In order to carry out this responsibility the Fed has been granted great independence. It has been given both Target independence (that is, it is able to choose its own fundamental objectives) and Operational independence (that is, it is able to pursue its objectives as it sees fit, without interference or pressure from third parties). In this regard, it is recognized that it must have political independence from the government, technical independence in the sense of full control over the policy instruments it uses to attain its objectives, financial independence in the form of a secure capital base, and security of tenure of its key officials.

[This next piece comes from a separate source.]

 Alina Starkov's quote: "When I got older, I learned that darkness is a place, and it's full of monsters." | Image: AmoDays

There is no question but that the Fed is a powerful institution. I tell my students that the Fed’s Open Market Committee, which sets American monetary policy, is the second most powerful committee in the world, trailing only the Joint Chiefs of Staff in its ability to affect developments across the globe. It can on its own and without limit or restraint reduce short-term interest rates by buying government securities, pumping cash into the economy and encouraging economic activity. Or it can raise short-term interest rates by selling government securities, taking cash out of the economy and dampening economic activity. Its demand and supply of Treasuries in the financial markets affects the entire term structure of U.S. interest rates and, given the key currency role of the U.S. dollar, interest rates in all other countries.

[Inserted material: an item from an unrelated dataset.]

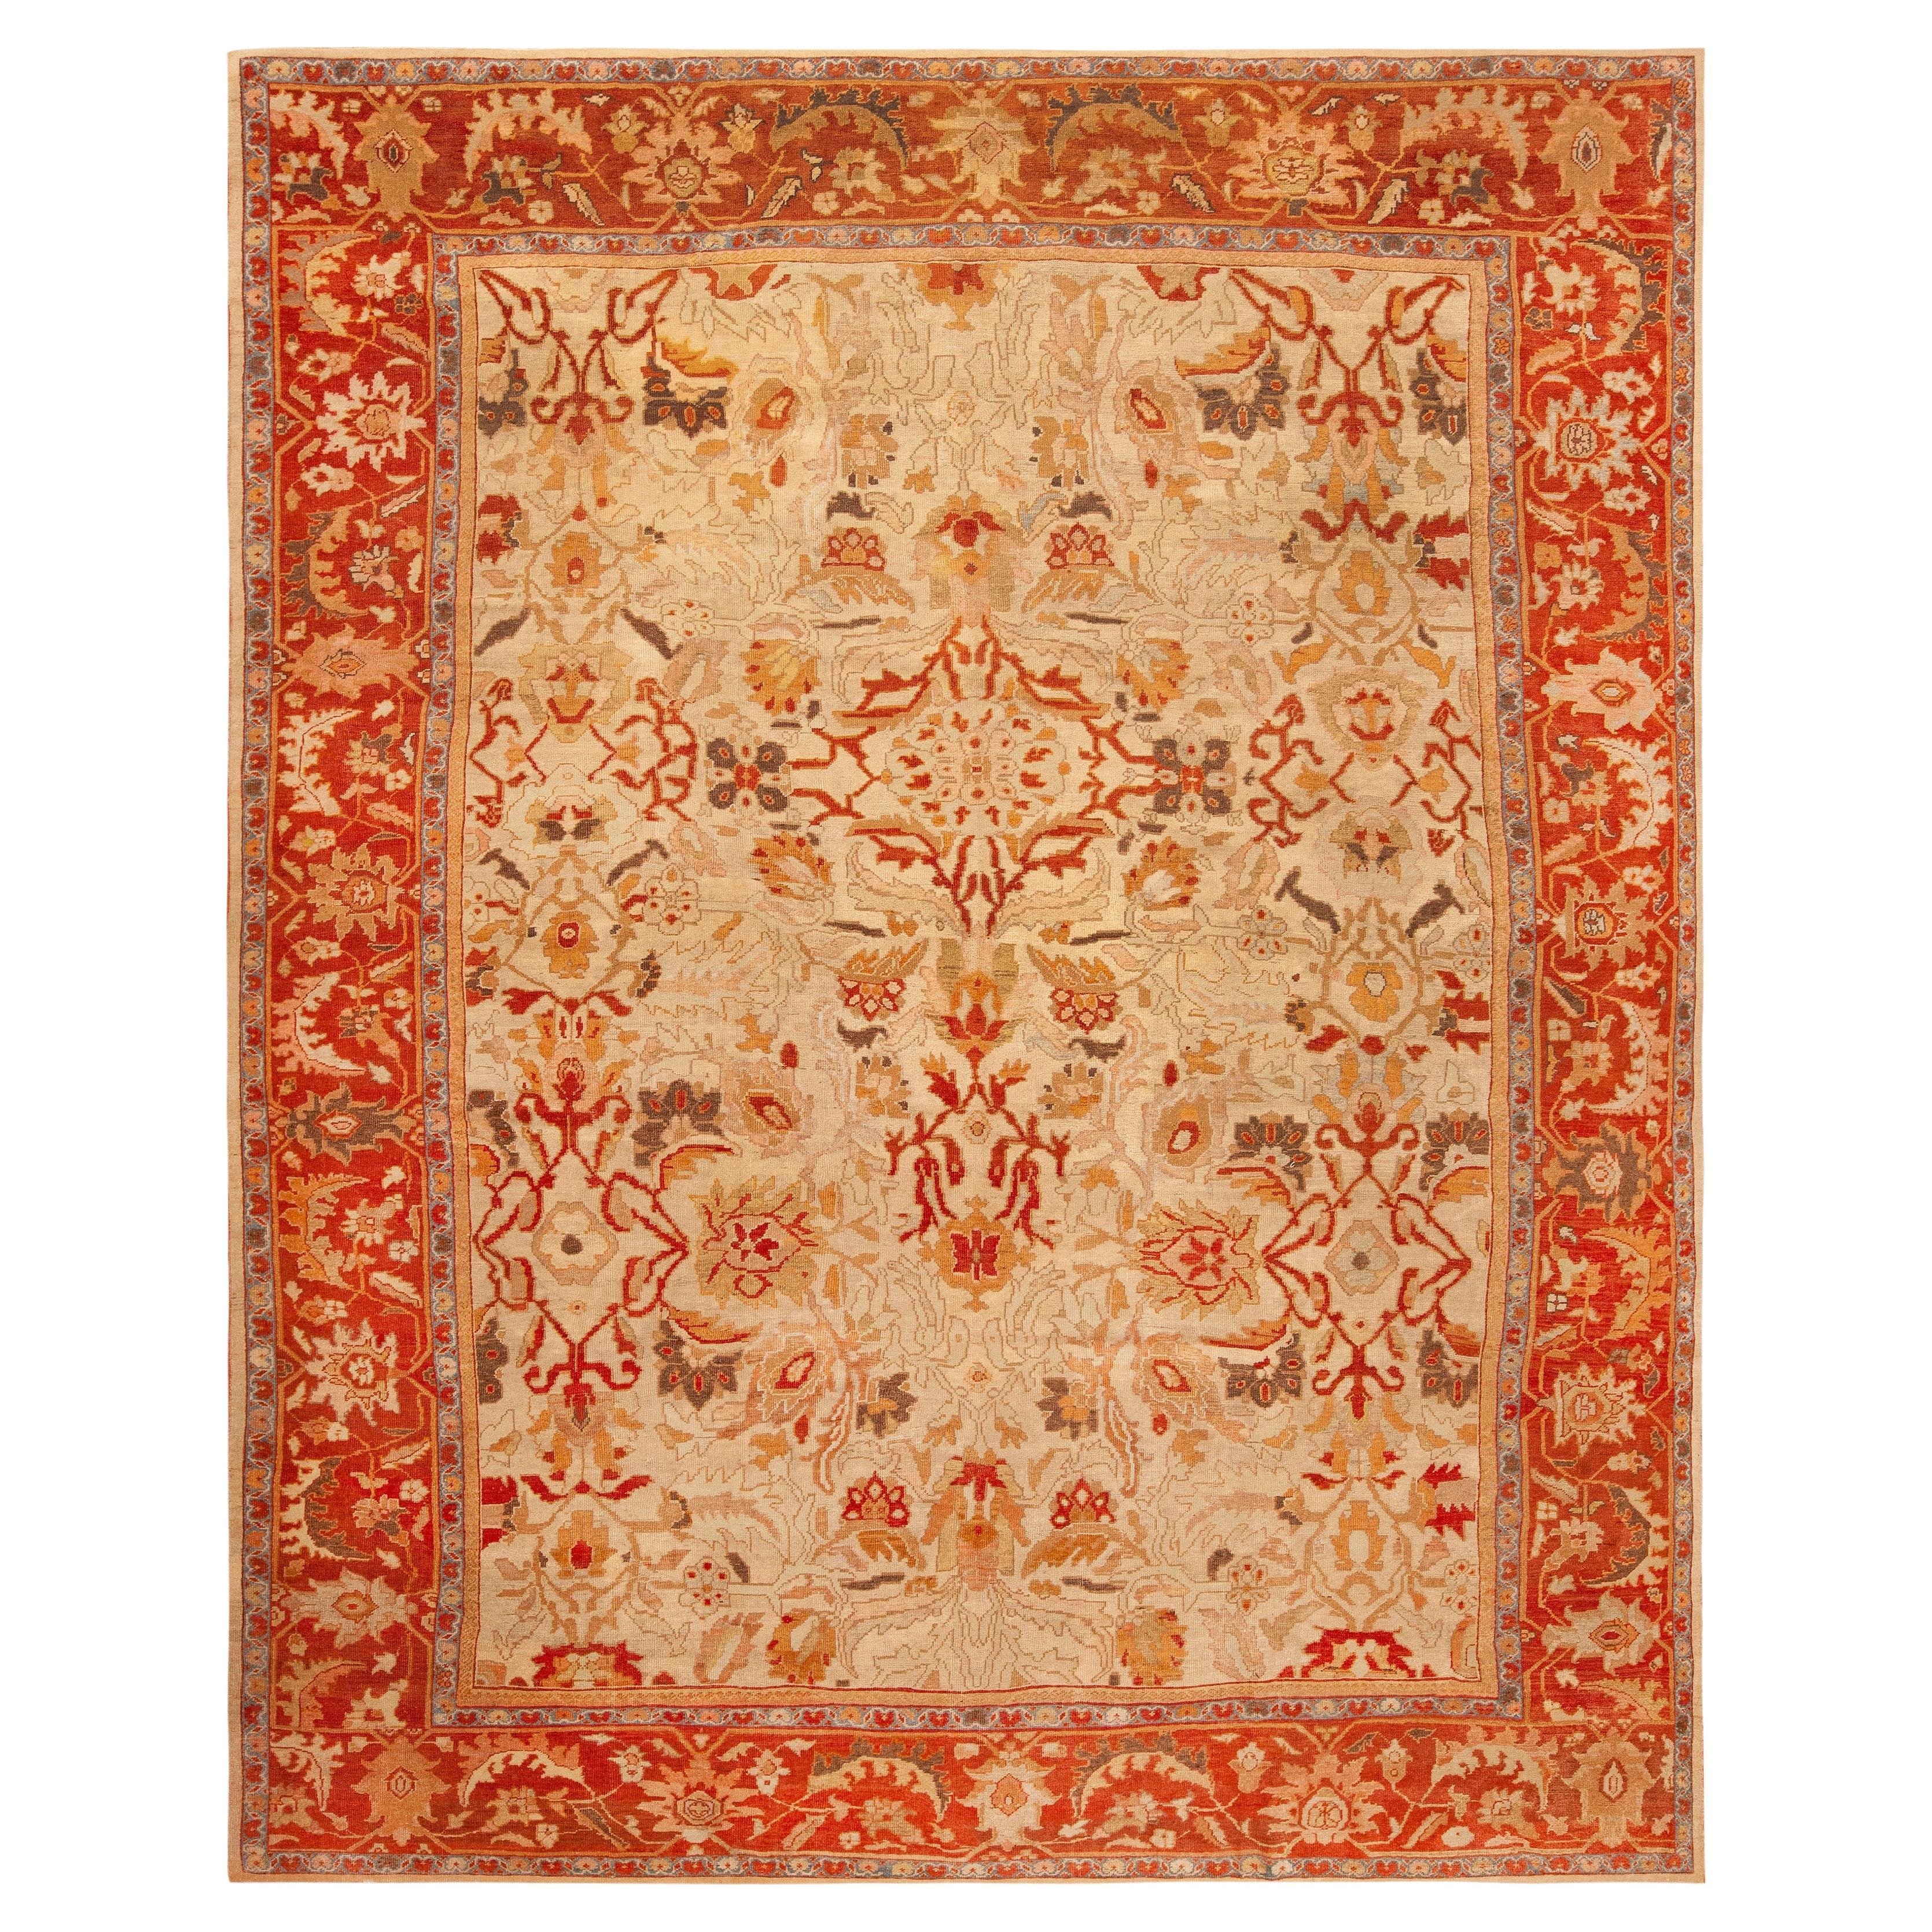 Antique Persian Sultanabad Rug. 11 ft 3 in x 13 ft 7 in

The threat to the independence of the Fed comes from the scale of the Fed’s interventions in credit markets in support of the Administration’s bailout and spending programs and its willingness to publically endorse measures undertaken by the Treasury.

During the past year the Fed has expanded the money supply by more than a trillion dollars and engaged in a wide range of activities which had the effect of lowering credit standards and loading its balance sheet with assets that that will be hard to unwind if it decides to change its policy stance. There is a growing concern that the Fed will refuse to withdraw the staggering quantity of liquidity it injected into the financial system once a revival in activity occurs for fear of prematurely ending any recovery. Any failure to raise interest rates and “take away the punchbowl just as the party gets going,” as a former Chairman of the Fed put it, would mean that rampant inflation could set in and the dollar could collapse on foreign exchange markets. Loss of control over inflation, the Fed’s single most important objective, would call into question its very independence.

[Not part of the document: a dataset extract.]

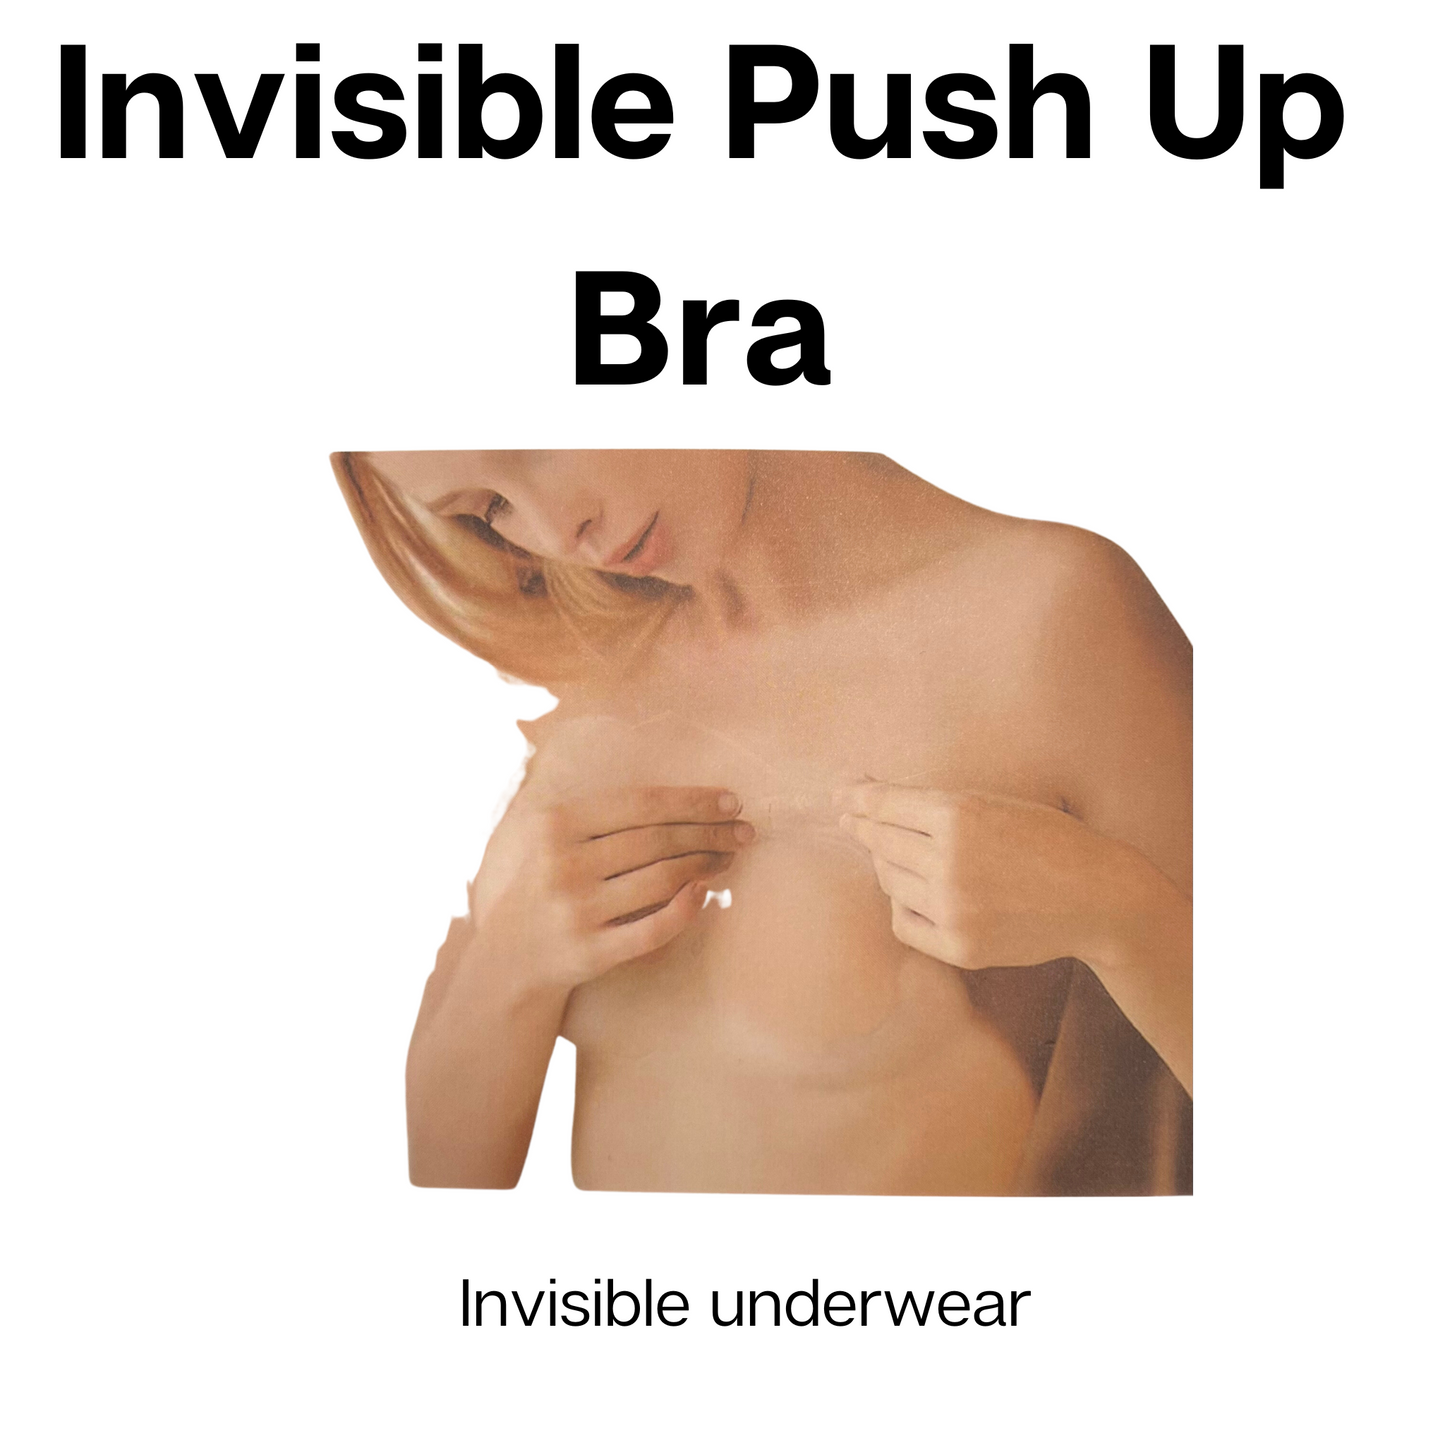 adhesive push up bra in nude color

Similarly, the Fed should avoid any appearance of supporting or not supporting actions taken by fiscal authorities, except in the most general and gentle way. It should never suggest anything that implies it is picking or choosing among companies or industries or financial concerns. To do so allows questions of favoritism and partiality to arise which are damaging to the central bank’s reputation. But to some degree it has done precisely this, supporting the Treasury’s decisions regarding macroeconomic policy. It has also joined with the Treasury in the financial realm in support of its policies. However, many feel it has overstepped its bounds by pressuring Bank of America and others in ways that reflect favoritism and in limiting the transparency of its operations.

Professor Meltzer is right to have expressed concerns about the Fed and how it has responded to the crisis. Some of us see a frightful storm of virulent inflation gathering on the horizon. While it will not be upon us any time soon, when it comes we believe it will come swiftly and it will be unstoppable except at great cost.

And we will blame the Fed for not only allowing this disaster to happen but for weakening the independence the central bank needs to sustain its reputation and keep political operatives at bay.